Hebe in Greek and Roman Biography and Mythology

(Ἥβη), the personification of youth, is described as a daughter of Zeus and Hera (Apollod. 1.3.1.), and is, according to the Iliad (4.2), the minister of the gods, who fills their cups with nectar; she assists Hera in putting the horses to her chariot (5.722); and she bathes and dresses her brother Ares (5.905). According to the Odyssey (11.603); comp. Hes. Th. 950), she was married to Heracles after his apotheosis. Later traditions, however, describe her as having become by Heracles the mother of two sons, Alexiares and Anticetus (Apollod. 2.7.7), and as a divinity who had it in her power to make persons of an advanced age young again. (Ov.
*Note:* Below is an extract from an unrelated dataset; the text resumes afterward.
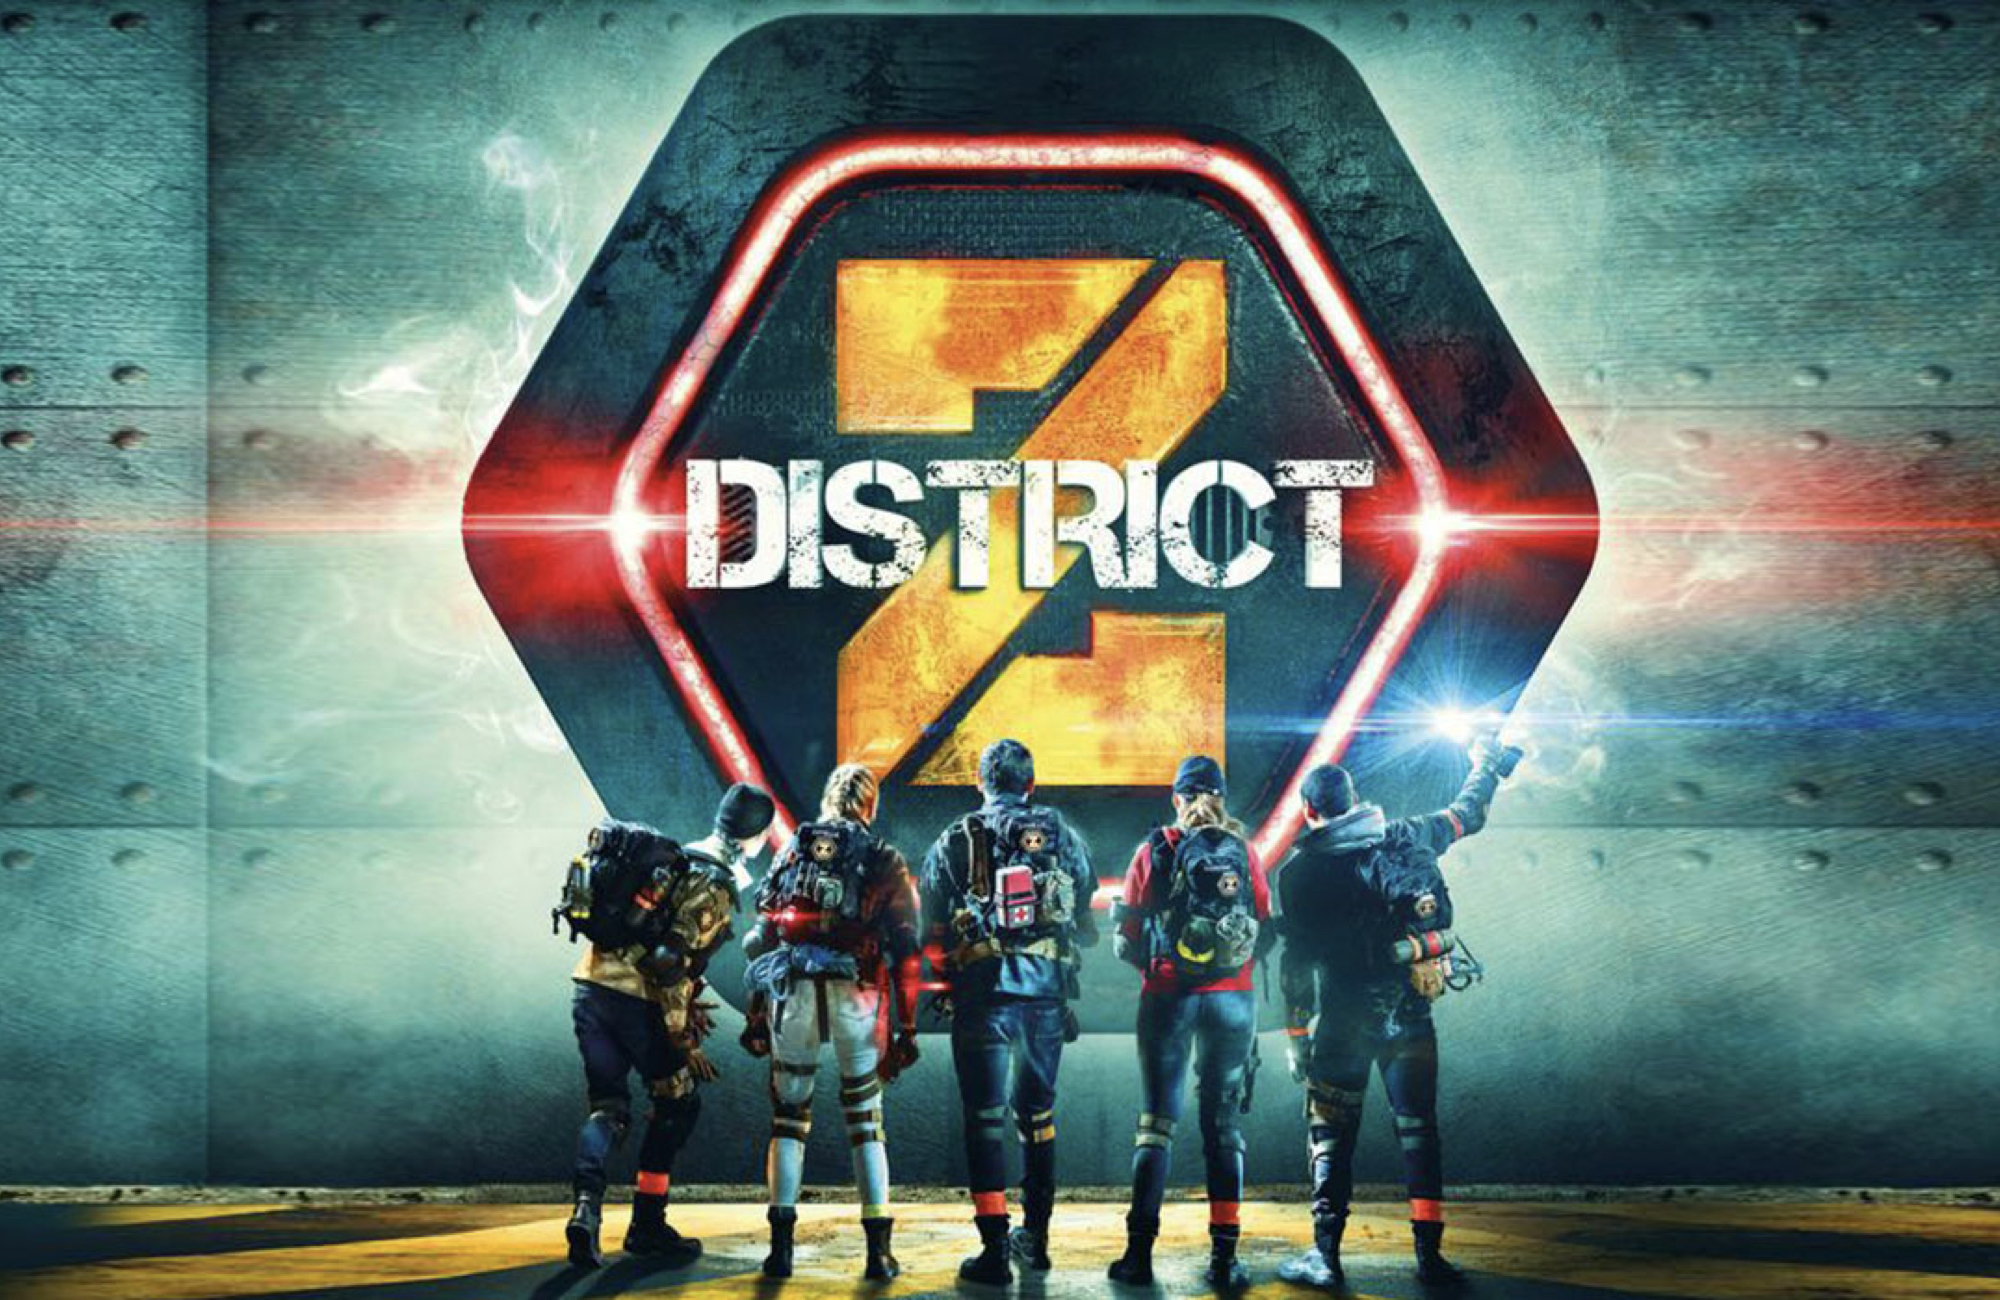  Le logo de l'émission District Z @TF1

Met. 9.400, &c.) She was worshipped at Athens, where she had an altar in the Cynosarges, near one of Heracles. (Paus. 1.19.3.) Under the name of the female Ganymedes (Ganymeda) or Dia, she was worshipped in a sacred grove at Sicyon and Phlius. (Paus. 2.13.3; Strab. viii. p.382.) At Rome the goddess was worshipped under the corresponding name of Juventas, and that at a very early time, for her chapel on the Capitol existed before the temple of Jupiter was built there; and she, as well as Terminus, is said to have opposed the consecration of the temple of Jupiter. (Liv. 5.54.) Another temple of Juventas, in the Circus Maximus, was vowed by the consul M. Livius, after the defeat of Hasdrubal, in B. C. 207, and was consecrated 16 years afterwards. (Liv. 36.36 ; comp. 21.62; Dionys. A. R. 4.15, where a temple of Juventas is mentioned as early as the reign of Servius Tullius; August. de Civ. Dei, 4.23; Plin. Nat. 29.4, 14, 35.36, 22.) - A Dictionary of Greek and Roman biography and mythology, William Smith, Ed.